Every element of the sculpture is thought of as a representation of beauty: Of Mary, of the womb made in mirrored steel, the texture in her clothes, all lead to that little unborn Jesus, he said.

The image, Schmalz said, was partially inspired by French Archbishop Christophe Pierre, the papal representative to the United States, who, when blessing one of the artist’ sculptures in Washington, D.C. in the Bible Museum, quoted Dostoyevsky: “Beauty can save the world.”

“I thought that was a very lofty idea,” Schmalz said. “But I went to my studio and continued thinking about it. If beauty can save the world, then maybe it can also save the unborn.”

People, he said, are impacted by what they see, and as such, more pro-life sculptures celebrating pregnancy can be powerfully inspiring.

“People don’t see what is inside the womb very often, and if they do, it is usually in a postcard handed to them on the street, that they dispose of. Or it’s something concerned with the horror of [abortion]. Yet this sculpture is nothing but a celebration. And it is permanent; bronze sculptures last forever.”

The sculpture placed in the Roman church will be blessed this Sunday by Archbishop Vincenzo Paglia, head of the Vatican’s pro-life office. It was donated to the Movimento Per la Vita Italiano, the Italian pro-life movement, with whom Schmalz got into contact with the help of America’s Heartbeat International.

He has created various sizes of the same sculpture, which will be placed in Washington’s Theological College, across from the National Shrine; in Austin, Texas; and in Ireland, but Schmalz hopes other places will take it too.

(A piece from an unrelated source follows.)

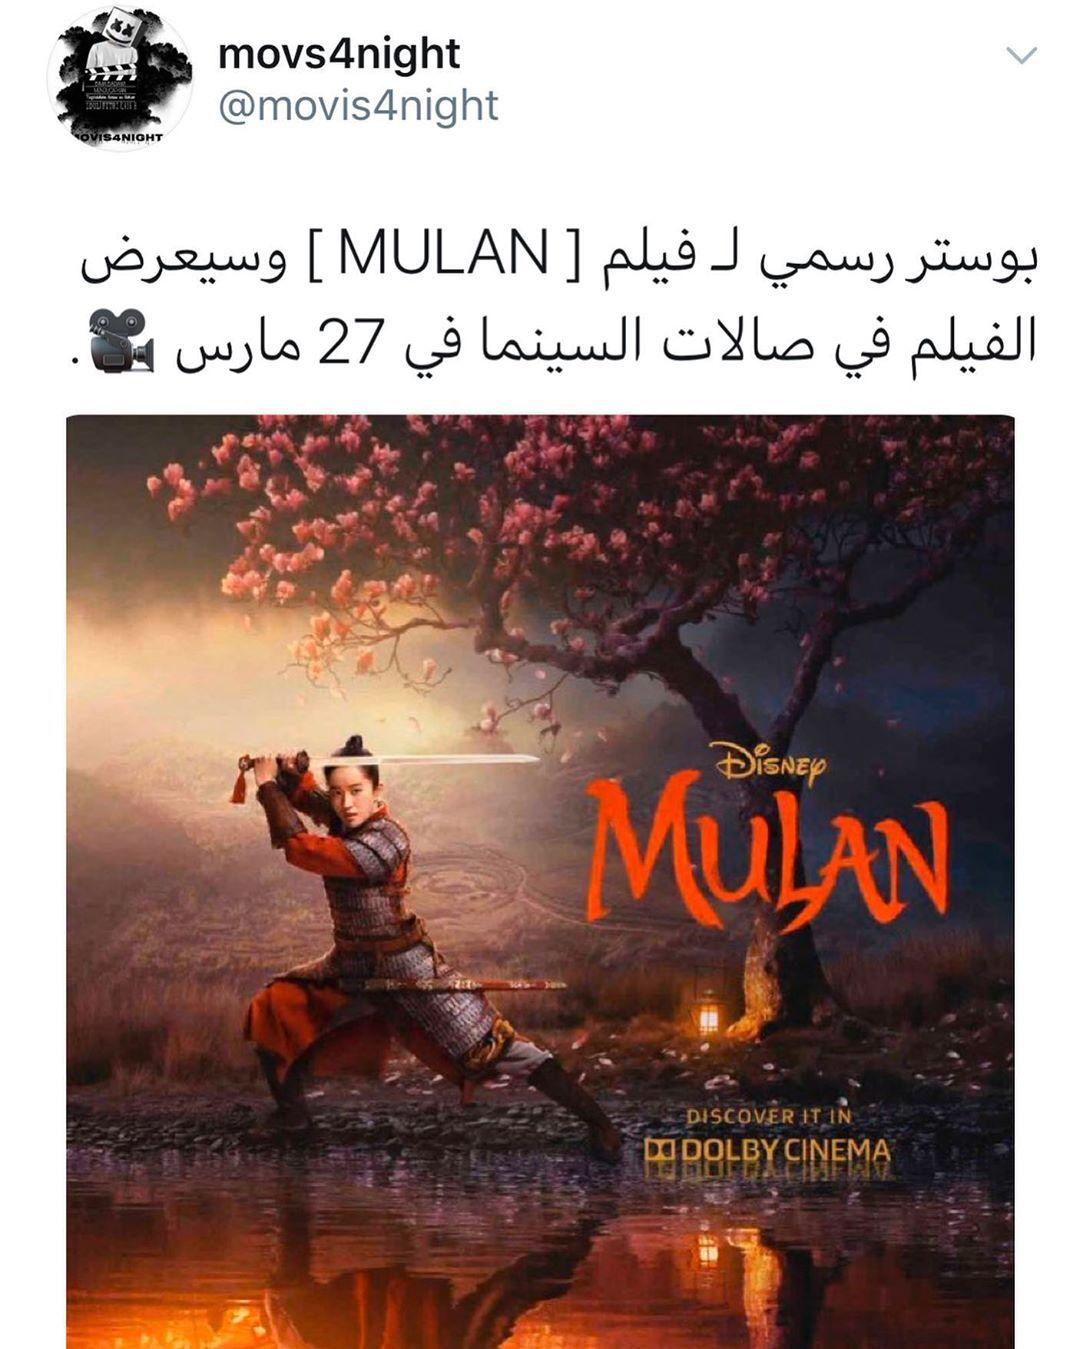 بتشوفون الفلم ولا خلاص شفتوا فلم الكرتون Movies Film Beautiful Arabic Words

Baptized a Catholic, but only active in the faith since the age of 17, Schmalz said that when he first set out to do a pro-life sculpture, he began by depicting Jesus crying with his face in his hands, surrounded by 490 aborted fetuses. The idea was to portray God’s forgiveness “70 times seven,” which comes to 490.

In the end he abandoned that idea, he said, “because it’s too sad. I can’t see anyone angry at [the new statue], and hopefully, they will be moved in a positive way by it. Maybe some hearts will be changed by it.”